I get a maternal vibe, in a young expectant mother way–pretty, but not for me.
Opens with opulent spiced honey mead and elegant jasmine, then slices fresh apricots and sprinkles them with a bit of pollen dust. But Journey isn’t delicate–there’s a solidity on the bottom, like sturdy hospital clogs, leather and wood and rubber soles–that keeps her from being frivolous.
The dichotomy reminds me of my grandmother, who loved rich and exotic things, but didn’t hesitate to tie on a smock when nurses aides were needed during the war.
Stays within personal space for most of the day, then fades to the skin with sweet tobacco musk for the evening. I like it–though my wallet is a little too lighthearted for this kind of gravitas.
Really feeling for healthcare workers right now. May their shoes never, never, never let them down.
Ciel seems to be trying to compose solar and aquatic vibes out of flowers–sun-showers, maybe?
Opens slightly spicy and green, and soon turns watery but oddly creamy, with a lot of jasmine. Then the bottom makes it really weird, soapy woods-musk, with some Amouage brand incense muddled in, polluting the whole sky with floral acid rain.
Love Tuberose is a huge ice cream cake cuddle of a scent, and became my favorite comfort fragrance at first sniff.

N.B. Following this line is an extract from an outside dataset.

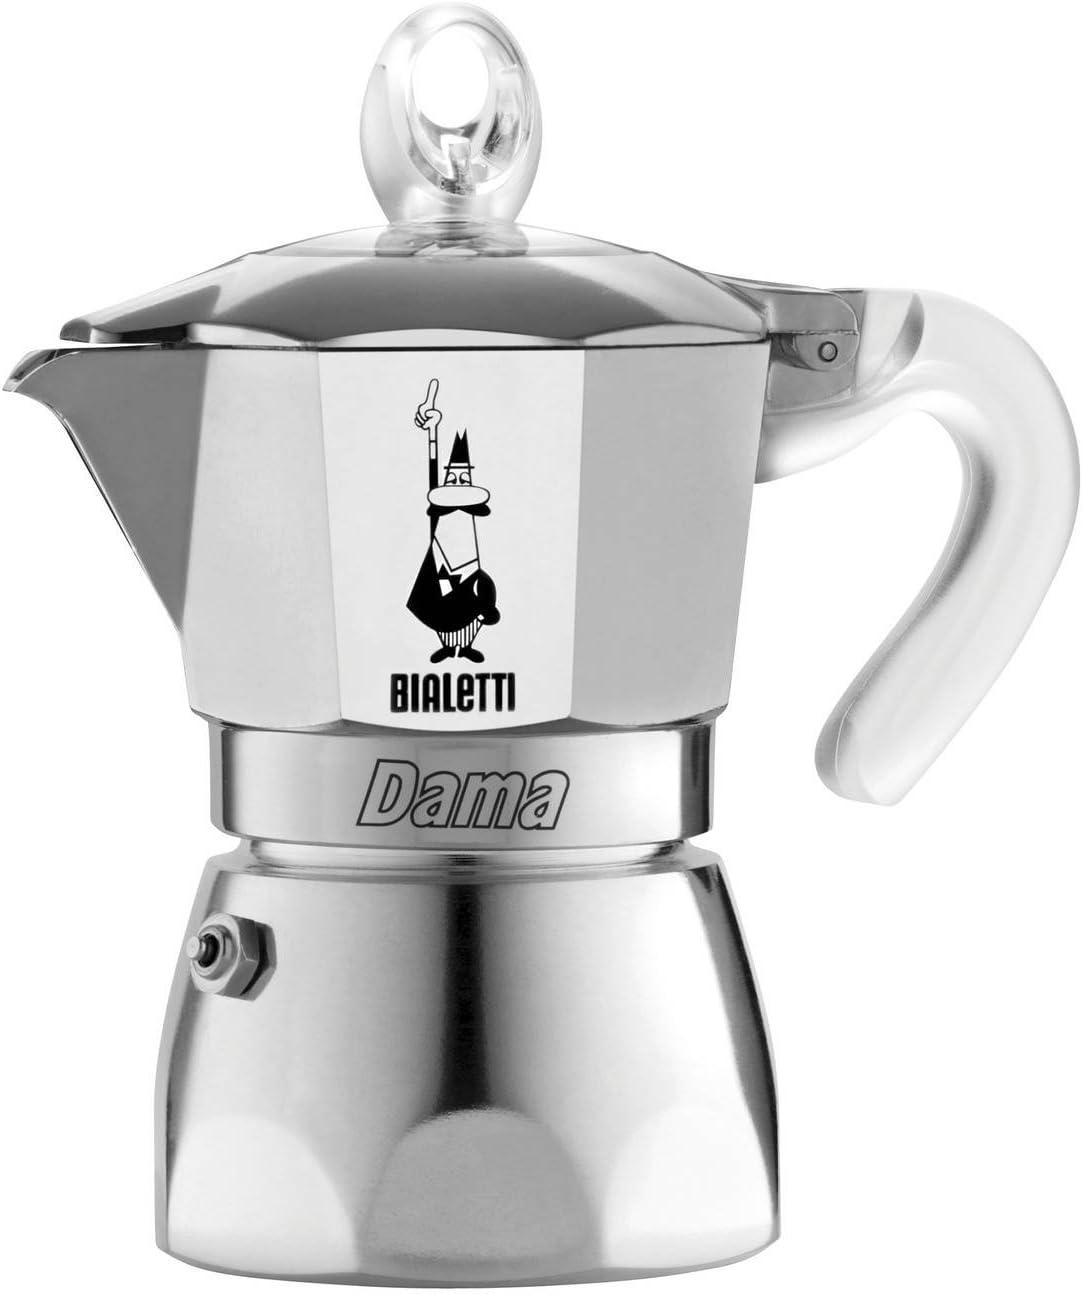 Bialetti Dama Vanity 3 Cups transparente Cafetera de 3 tazas ...

Starts with a bouquet of white flowers sculpted from sugar paste, with milky sweet notes that slide tropical and faintly fruity–I get a breath of apricot that is most likely me imagining things–so pretty and feminine and uplifting. A half hour later the fun happens. Puffs of whipped vanilla rise from the tuberose, with the creamy lightness you’d expect from jasmine, but they’re pure bubblegum, flirty sass with a hint of powder–if a scent could sound like laughter, this one does. The sandalwood on the bottom keeps it from being too young and giggly. The wood notes are a support for the flowers, giving them strength without taking over, and are more apparent on cotton than silk.
Lasts a good three hours in personal space, then sleeps on the skin with a smile.

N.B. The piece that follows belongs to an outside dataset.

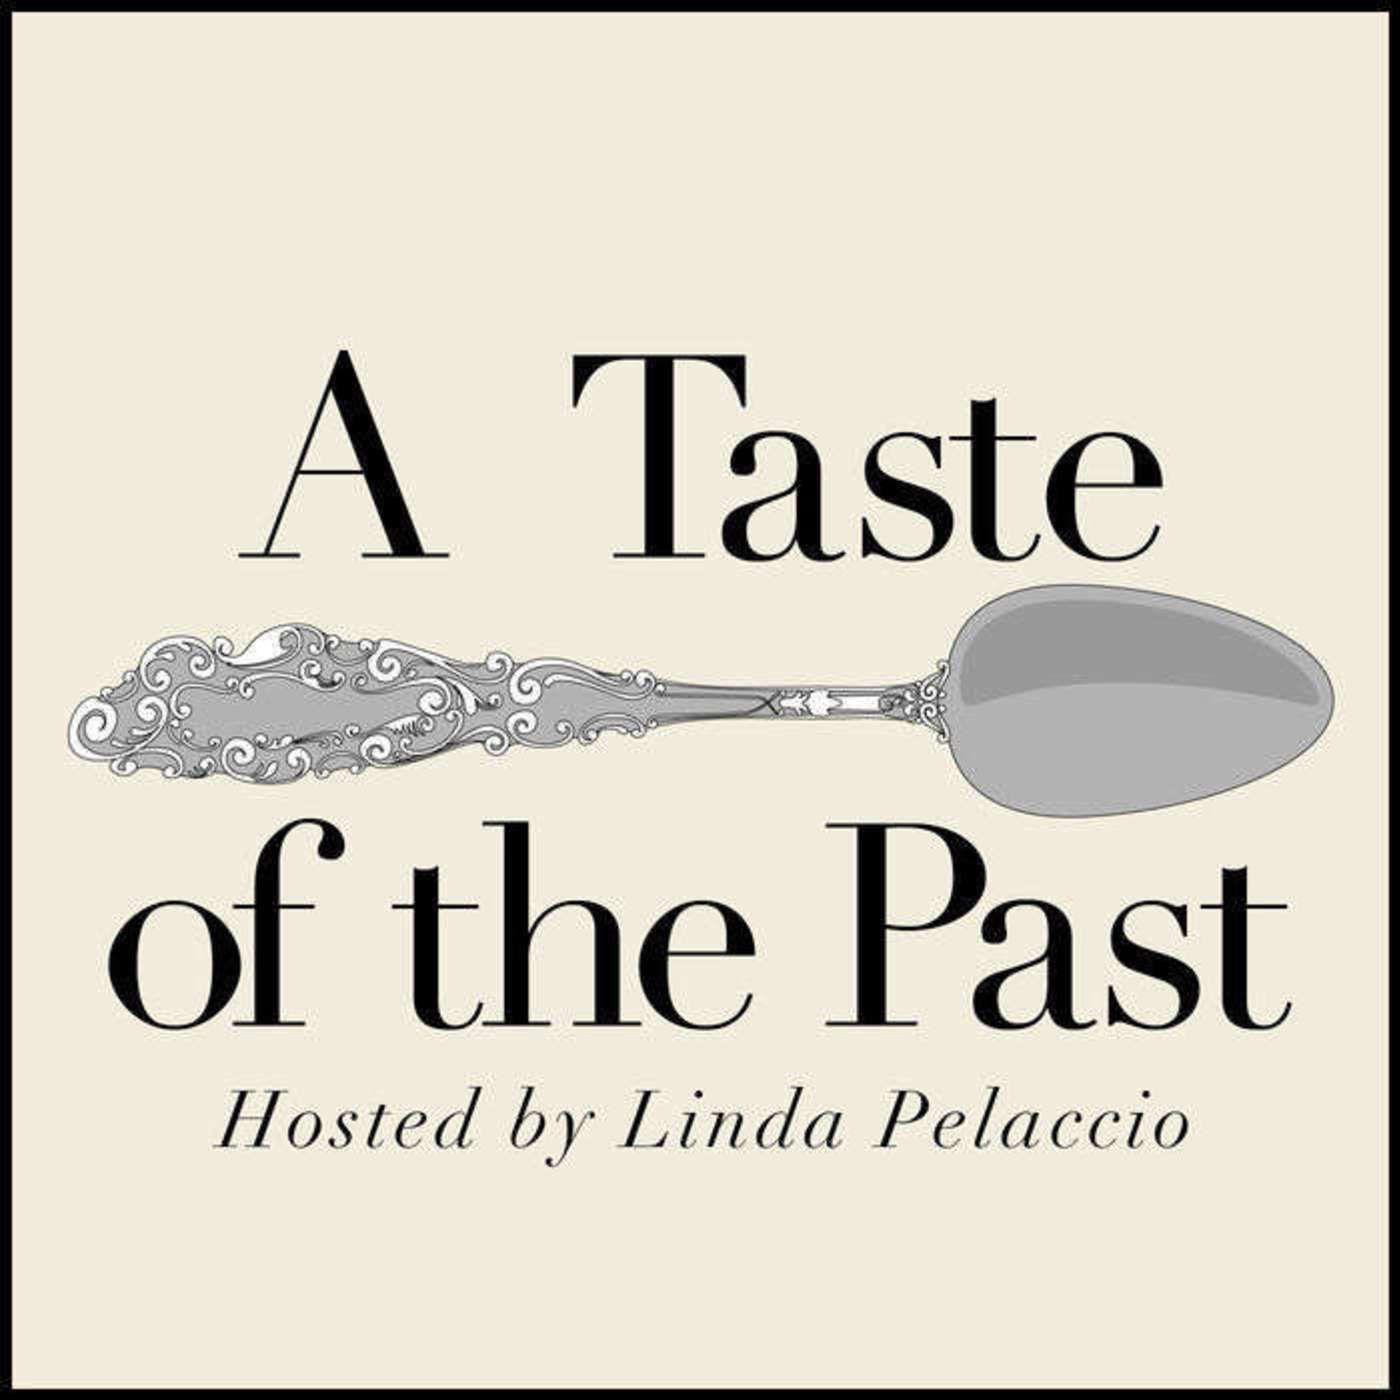 Episode 104: Origins of the Modern Cookbook

All Amouage perfumes are expensive–high end top-shelf bottles with quality ingredients and master blending–but for me, this one is a self-care mood-lifting therapy session with each spray, and worth the cost of a big bottle.
Carnation smoke and green kid gloves, with retro tailoring.
Fills the room with sharp with incense-y labdanum and chrysanthemum florals out of the bottle, then settles to a bright spicy clove. 1970’s Estee Lauder moss soon creeps in over 80’s Drakkar Noir leather, but manages to stay delicate, the whole day long. There’s a nice witchy “cool aunt” vintage vibe to it.
Sweeter on clothes than on the skin.
This B-side came out in 1980, and layers strung out funk with a bit of new age synth.